Arnold's generalization has been taken to prove that the immediate effect of the Civil War was to save the cotton industry from great disaster and that there immediately resulted large profits to the manufacturers from the increased price of stocks on hand. In fact his description of the situation in December, 1861, as his own later pages show, was not applicable, so far as manufacturers' profits are concerned, until the later months of 1862 and the first of 1863. For though prices might be put up, as they were, goods were not sold in any large quantities before the fall of 1862. There were almost no transactions for shipments to America, China, or the Indies[677]. Foreign purchasers as always, and especially when their needs had just been abundantly supplied by the great output of 1858-60, were not keen to place new orders in a rising and uncertain market.
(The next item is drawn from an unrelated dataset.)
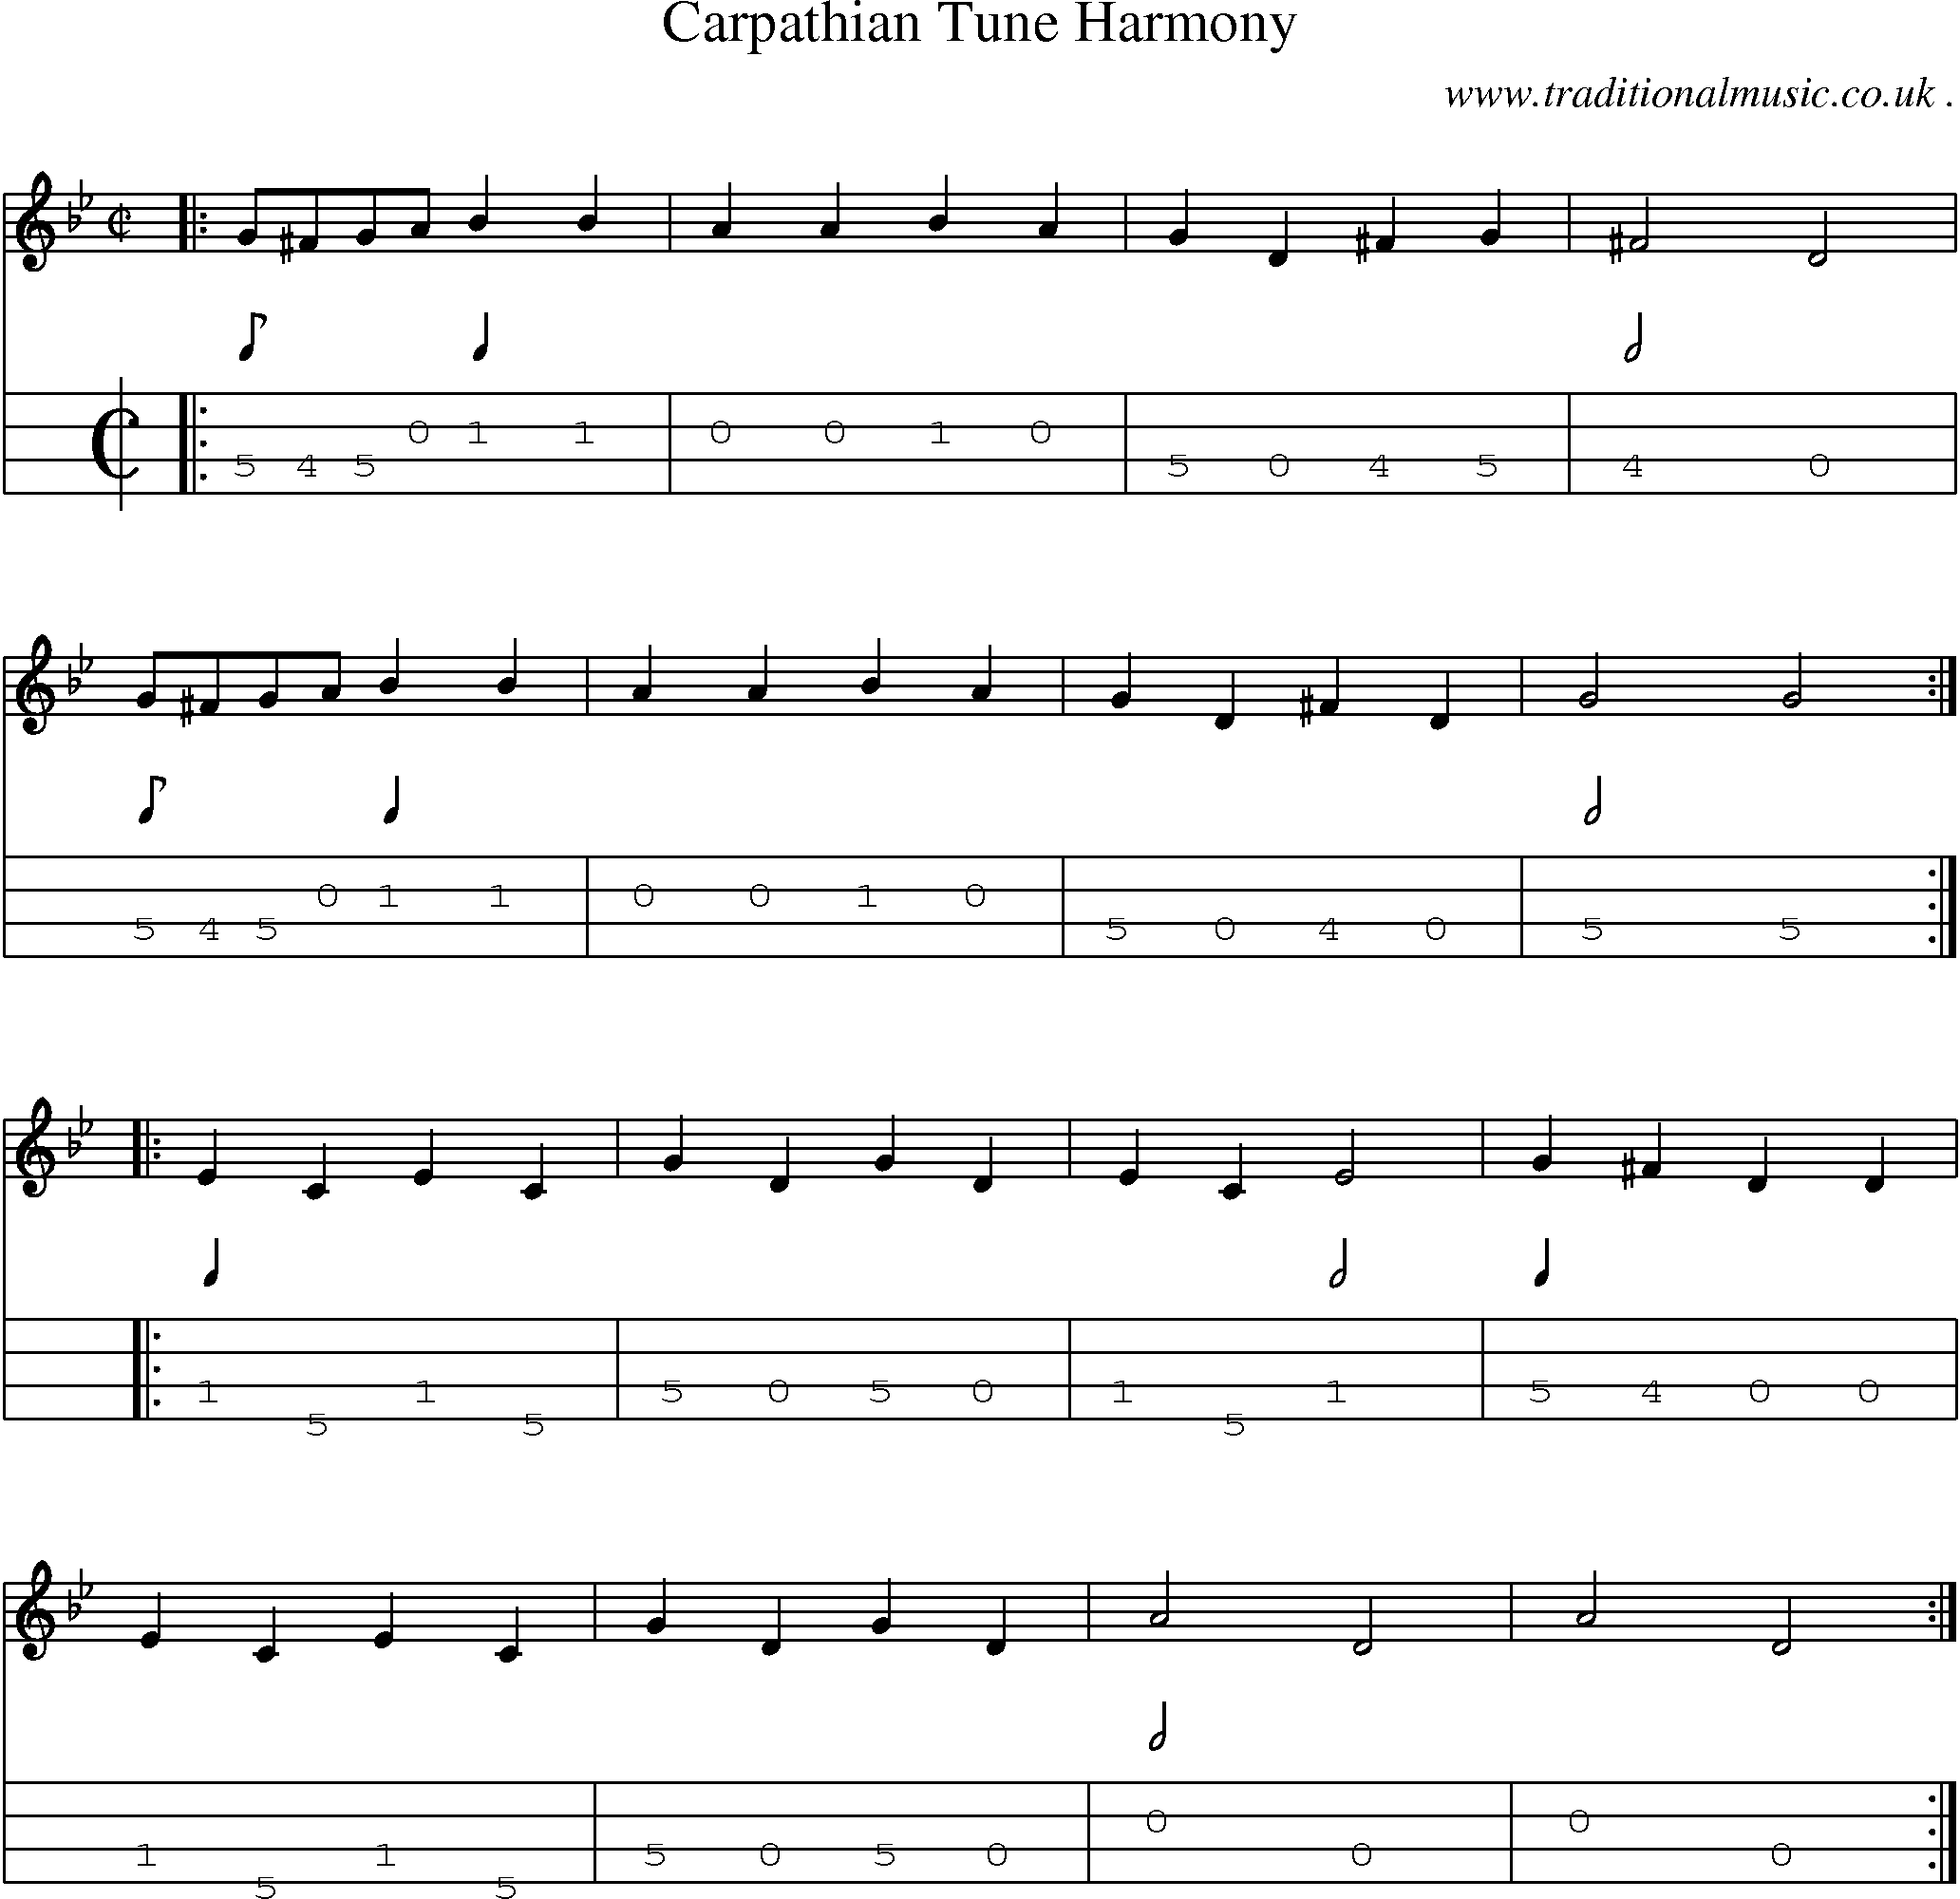 Music Score and Guitar Tabs for Carpathian Tune Harmony

The English producers raised their prices, but they held their goods, lacking an effective market. The importance of this in British foreign policy is that at no time, until the accumulated goods were disposed of, was there likely to be any trade eagerness for a British intervention in America. Their only fear, says Arnold, was the sudden opening of Southern ports and a rush of raw cotton[678], a sneer called out by the alleged great losses incurred and patriotically borne in silence. Certainly in Parliament the members from Lancashire gave no sign of discontent with the Government policy of neutrality for in the various debates on blockade, mediation, and cotton supply but one Member from Lancashire, Hopwood, ever spoke in favour of a departure from neutrality, or referred to the distress in the manufacturing districts as due to any other cause than the shortage in cotton caused by the war[679].